What to do: The required output is every line from the one containing "Rotel owner manual" through the last line of the listing below, copied exactly, pictures excluded.

Information shown:
____

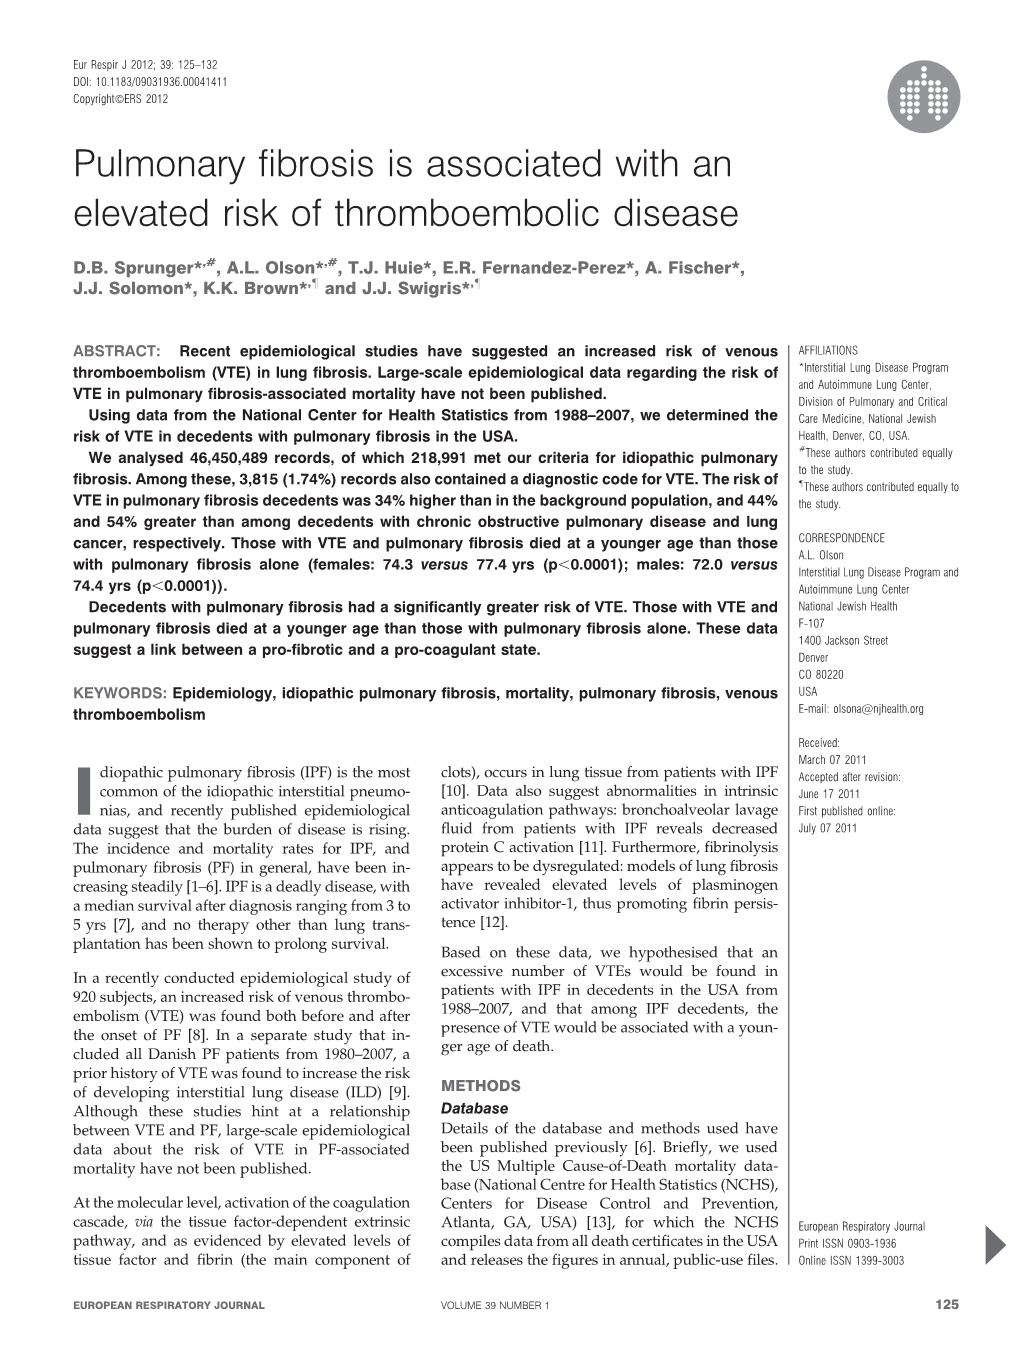 Pulmonary Fibrosis Is Associated with an Elevated Risk of Thromboembolic Disease
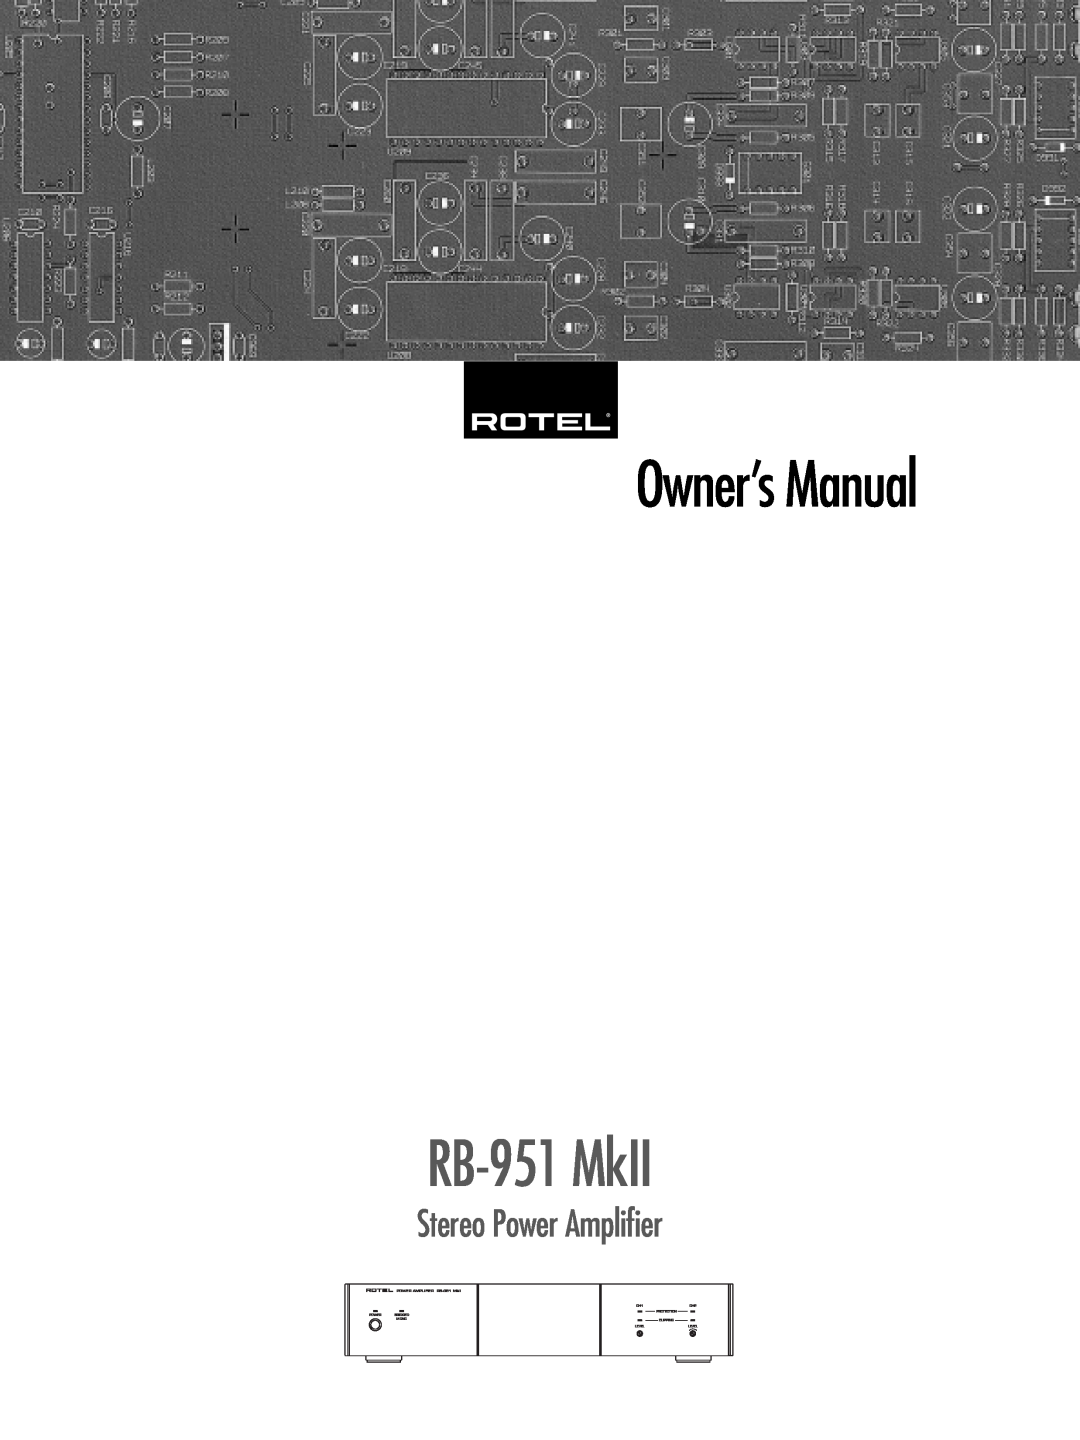 Rotel owner manual Stereo Power Amplifier, POWER AMPLIFIER RB-951MkII POWER BRIDGED MONO, Protection, Level, Clipping 
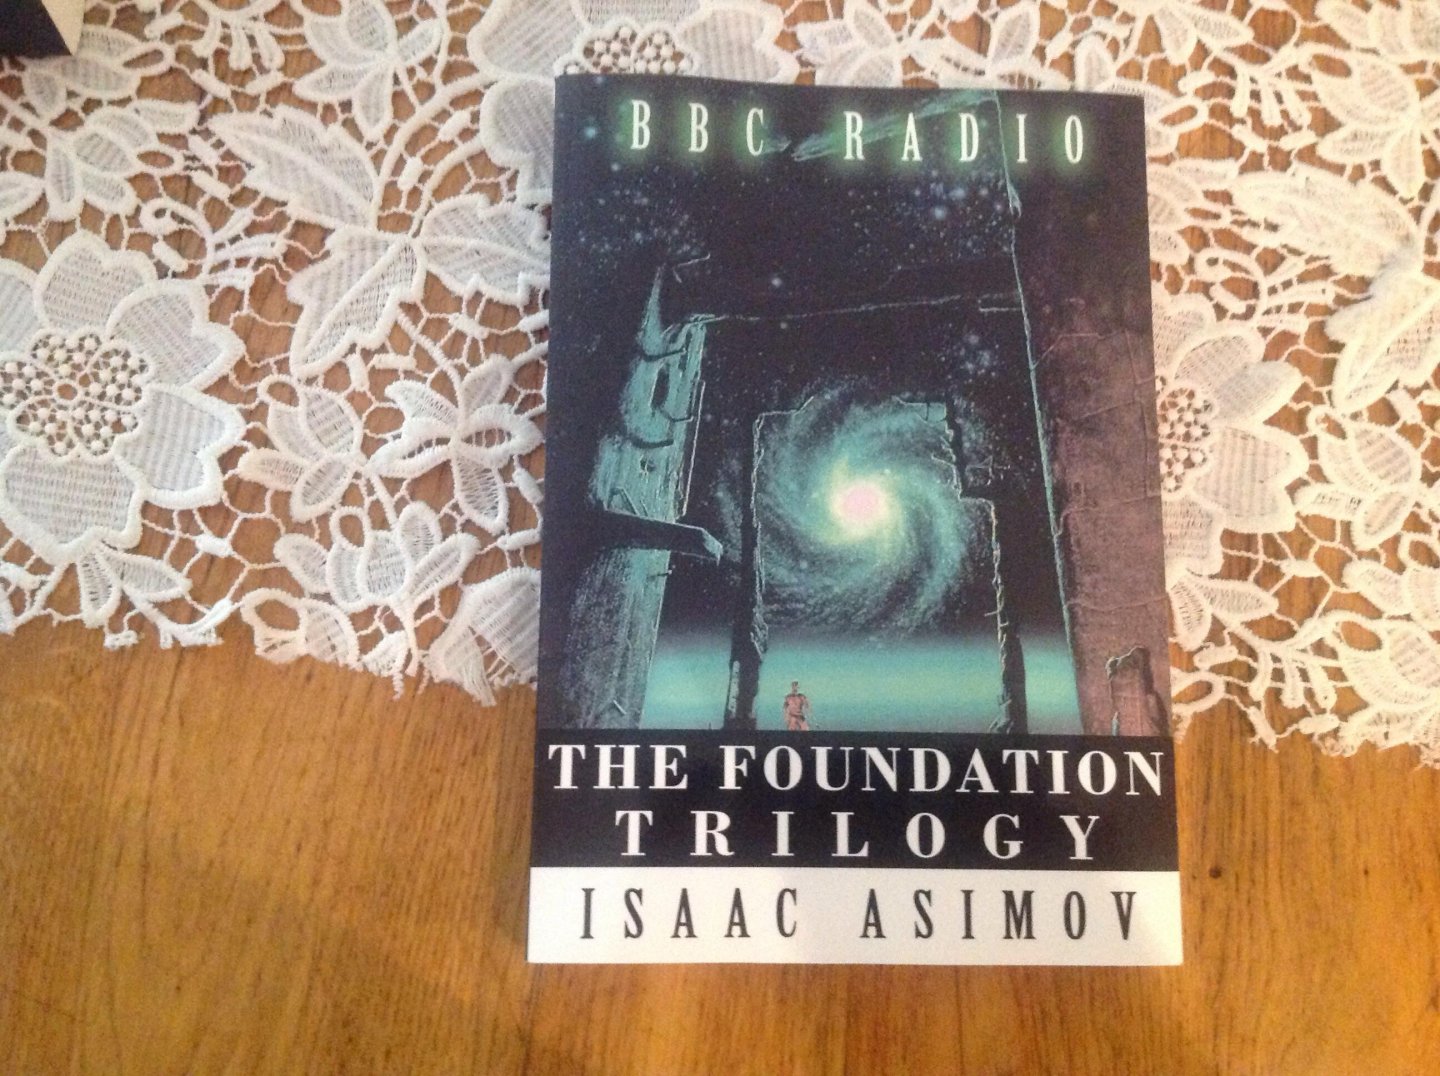 Asimov, Isaac - The Foundation Trilogy (Adapted by BBC Radio)

____

Result:
 Rotel owner manual Stereo Power Amplifier, POWER AMPLIFIER RB-951MkII POWER BRIDGED MONO, Protection, Level, Clipping 
 Asimov, Isaac - The Foundation Trilogy (Adapted by BBC Radio)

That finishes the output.